The huge bummer of the graphic novel is that someone labors for ages over their creation and then you sit down with your pint of Chubby Hubby and make mincemeat of both of them within the hour. I always feel a little awful about it, and this is probably the kind of thing the French have a word for—the sorrow of beauty’s brevity.
Anyway, it’s hard to imagine a [French-word-for-the-sorrow-of-beauty’s-brevity] more hollowing than the end of summer. Those last days of August nearly slaughtered me when I was a child—time closing in and thinning out, cooling all your firefly sparks and kicking them under dead leaves. Ugh.
Jillian and Mariko Tamaki’s most recent graphic novel, This One Summer, is a story, on its face, about the end of one season in the lives of two families. But it’s also—subtly, brilliantly—a story about girlness and womanness, from incipience to crux to decline, and the spaces between those lodestars and what it is to inhabit them.
The protagonist of This One Summer is Rose, a girl teetering on the cusp between child- and adulthood, away with her mother and father on their annual vacation to a little lakeside town. Rose’s summer buddy, Windy, a year and a half younger, is fascinated by Rose, but also a little leery—she watches her for clues about what her own future will hold. Windy’s at the lake with her mother, and there’s also a wonderful, salty grandmother and a couple of teenaged girls poured into short-shorts and halter tops, bringing to mind the Triple Goddess—maiden, mother, crone.
The plot, appropriate for the daze of summer, is not complicated, but for all its apparent simplicity, it’s a story with a lot of heavy stuff going on. Without being too spoilery, the subject of fertility plays a fairly central role, with marital discord setting up a good handful of scenes, plus a few cameos by our old pal Internalized Misogyny. Even death reard its seamonster head in a series of dark, disturbing panels late in the book.

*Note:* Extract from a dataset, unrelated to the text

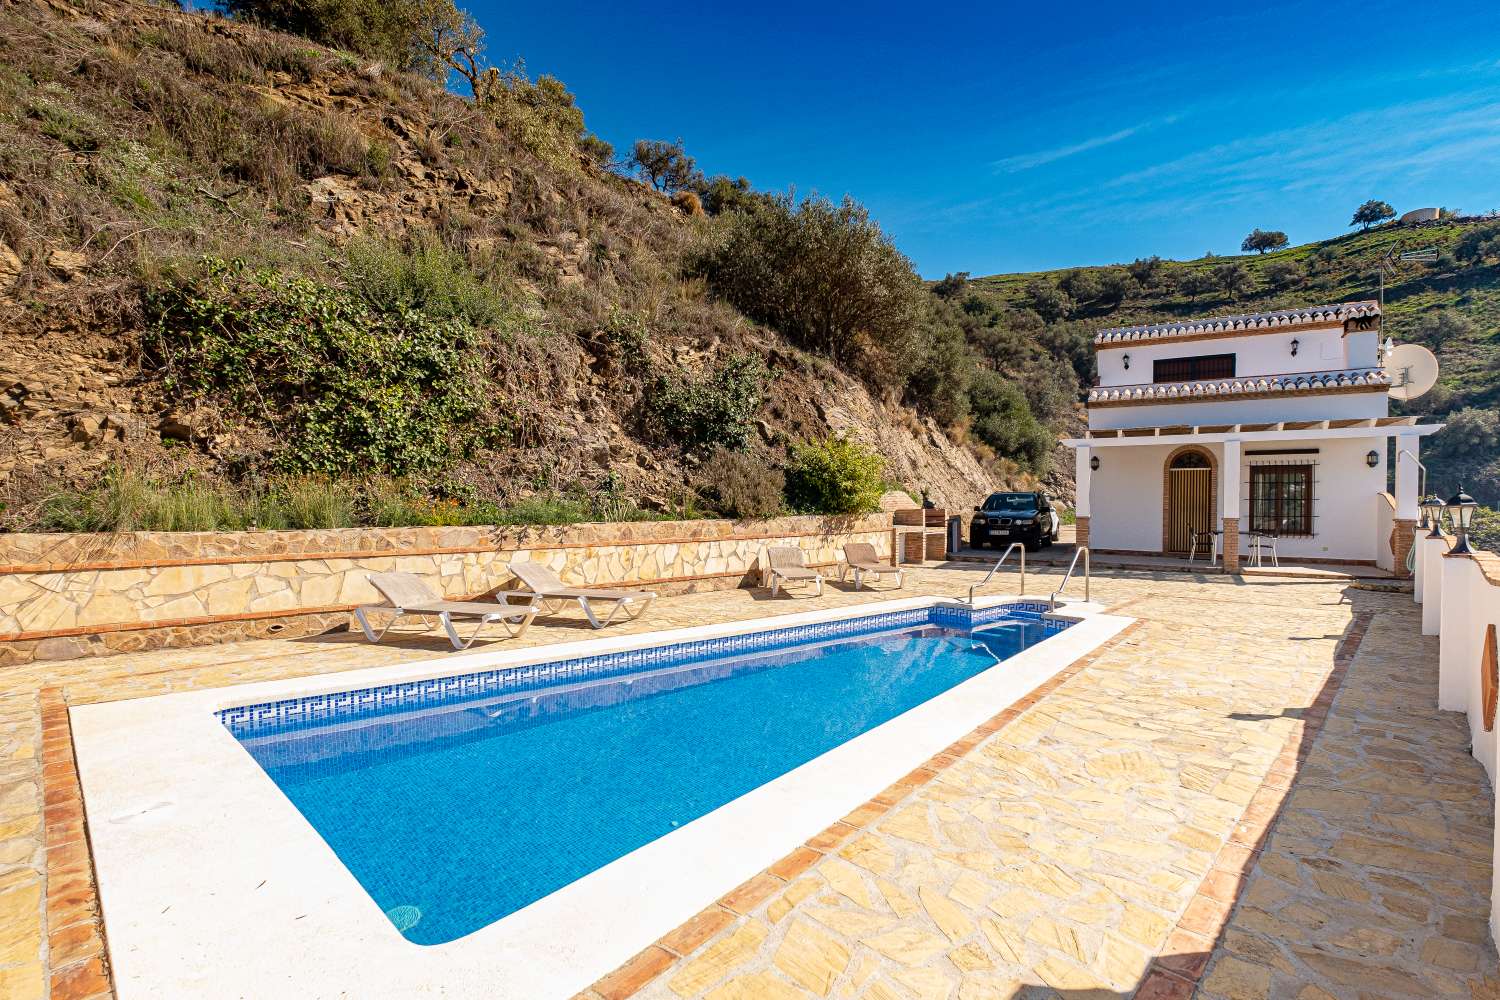 Beautiful country house between Frigiliana and Torrox, in the Hotel Los Caracoles area

Jillian Tamaki’s washed-out lavender/blue/gray scheme keeps the action at a remove, like these are your own memories dimly recalled from hot, bright days long past; it also provides a constant immersion in the melancholy at the story’s core—all the things we have to leave behind in order to become the things we’ll be.
If this all sounds too serious, let me drop the knowledge that Windy (who is so true to herself and thoroughly charming as to border on Manic Pixie Dream Summer Buddy territory) krunks at one point in the book, which, if comic book krunking doesn’t make you want to get on this like yesterday, I don’t even know.
This One Summer manages to be a sweet, poetic tribute to summer while also slyly stirring deep waters—it’s a particularly excellent read for women, from middle graders on up.